井戸水で洗い一つ一つ丁寧に汚れを落とし、鎮痛草を風通しの良い網の上に並べた僕は、台所で簡単に夕飯を済ませることにした。


 温かいスープが体に染み渡り、一日の疲れが少しずつ解けていく。


 お腹が満たされて一息つくと、ずっと頭の隅で燻っていた好奇心がむくむくと膨れ上がってきた。


 僕は居ても立っても居られず作業小屋から適当な薪をいくつか店内に持ち込み、机の上に並べた。



 (「泥人形」であれだけ頼もしいゴレムが作れたんだ。「木製人形」なら一体どんな子が生まれるんだろう)


 外で力強く畑を耕すゴレムたちの姿を思い出し、僕は期待に胸を躍らせた。


 泥よりも形を保ちやすく、軽くて硬質な「木」という素材。

 

 これならもっと複雑な機構や、繊細な指先の動きも再現できるはずだ。


 想像するだけで指先がうずき、ワクワクとした高揚感が止まらない。



 僕は、これから本格的に始まる薬作りの助けとなるよう、手先の器用さを重視した小柄な人型を思い描いた。


 薬草の細かな選別や、将来的な調合の補助。


 これまでのゴレムよりも滑らかな関節の動きを持ち、かつ店内にいても圧迫感のない、どこか愛くるしい姿。


 僕は早速机に向かい、ゴレム達の時と同様に羊皮紙に人形の構造を書き込んでいく。


 各部位の寸法、関節の噛み合わせ、愛くるしい外見。


 すべてが脳内に焼き付いたところで、僕は机の上の薪に手をかざした。


 「――『木製人形』」


 僕のイメージに呼応するように、薪の一部がひとりでに削れ、見る見るうちに形を変えていった。


 スキルの力によって、まずは胴体、次に小さな頭部、そして細かな指先まで、僕の描いた設計図通りのパーツが次々と切り出されてく。


 僕はバラバラになった木のパーツを一つひとつ手に取り、自分の手で丁寧に組み合わせていく。


 カチリ、カチリと関節をはめ込み、設計図通りに形を整えていく作業は、まるで人形に魂を込めているような不思議な充足感があった。


 最後に組み上がった小さな体の背中へ、仕上げとして僕の名前を刻印する。


 その瞬間、乾燥していたはずの木肌に不思議な艶が宿った。


 小さな手足がぴくりと震え、つぶらな瞳を思わせる節穴に光が灯り、身長三十センチほどの木の人形が、ゆっくりと僕を見上げていた。


 「……可愛い。それに、動きがすごくスムーズだ」


 これまでのゴレムが「力強い守護者」だとしたら、この木製人形は「精密な職人」の卵といった雰囲気だ。


 「よし、それじゃこれをやってみてくれるかな」


 僕は木製人形を連れ作業台へ戻ると、以前からお店にストックしてあった薬草をいくつか取り出した。

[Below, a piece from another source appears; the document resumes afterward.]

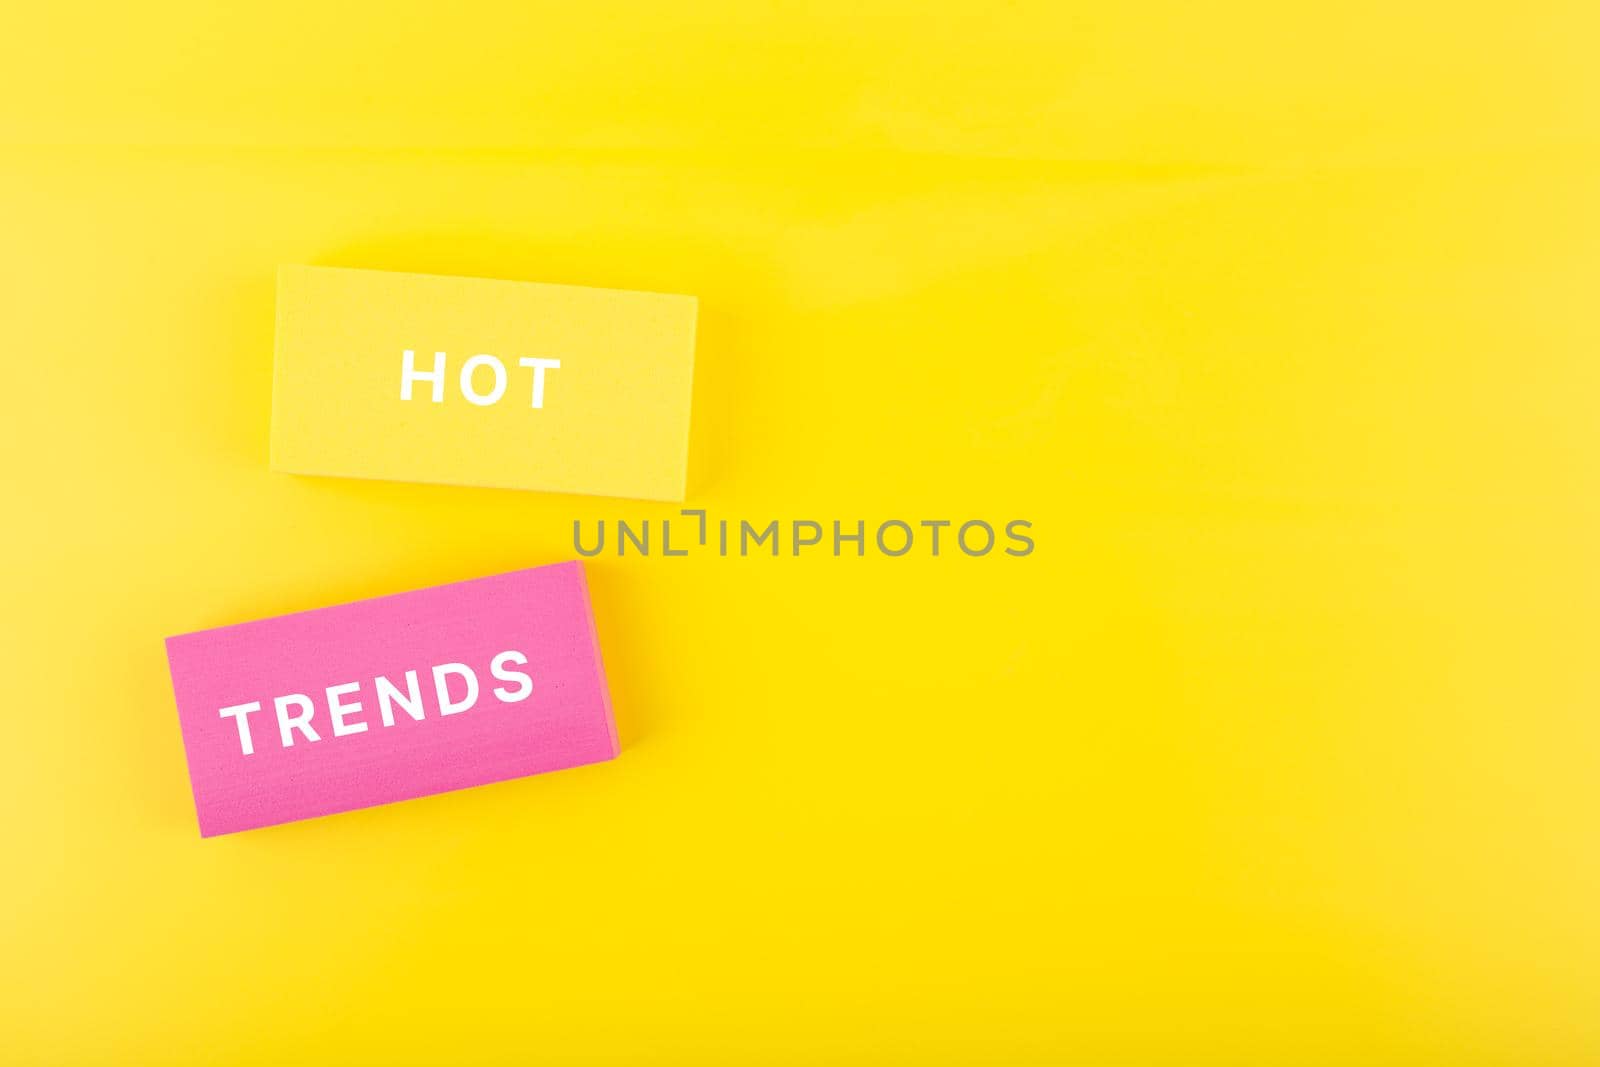 Hot trends written on yellow and pink rectangles on bright yellow background with copy space. Concept of newest, latest, hot and popular trends of 2022

 「これは薬の大事な材料なんだ。でも、葉っぱの隙間に細かなゴミが残っていると、不純物が混ざって薬の効き目が悪くなってしまうんだ。だから、この小さなハケを使って、優しく丁寧に汚れを落としてほしいんだ」


 薬屋にとって、原料に不純物を入れないことは何よりも重要なことだ。


 非常に地味で根気のいる作業だが、決して手を抜けない大切な工程。


 僕が手本を見せると木製人形はじっと僕の手元を見つめ、やがて自分の小さな手でハケを握るとおずおずと薬草に触れてみた。


 サッ、サッ……。


 その動きは、初めてとは思えないほど精密だった。


 泥から作ったゴレムたちは、その大きな体と力強さで力仕事を完璧にこなしてくれるけれど、こうして机の上でハケを操るような繊細な作業は、この子にしかできない特別な役割だ。


 指先の角度を細かく変えながら、葉の裏側にこびりついた微細なチリまで確実にかき出していく。


 「すごい……。僕がやるより丁寧かもしれない」


 ひたむきにハケを動かす小さな相棒の様子を見ているうちに、僕は彼等にふさわしい名前を贈ってあげたいという気持ちが自然と湧いてきた。


 外で働くのは「土」のゴレムたち。


 なら、この子には「木」の温もりと、薬屋としての知恵を象徴する名前をつけてあげたい。


 「木……樹木……。そうだ、エルムはどうかな」


 ニレのエルムは、古くからその樹皮が薬草として使われることもある、薬師に縁の深い木だ。


 それに、短くて呼びやすく、この子の小柄で愛くるしい姿にもどこか似合っている気がした。


 「よし、決めたよ。君たちの名前は『エルム』だ。どお? 気に入った? これからよろしくね、エルム」


 名前を呼ぶと、エルムはハケを動かす手を止め、くるりとこちらを振り返った。


 そして、自分の胸に小さな手を当てて名前を確かめるような仕草をした後、嬉しそうに何度も首を縦に振っていた。


 エルムという名を得たことで、ただの「動く木の人形」から、僕にとってかけがえのない「家族」になったような、そんな温かい気持ちが僕の胸にも広がった気がした。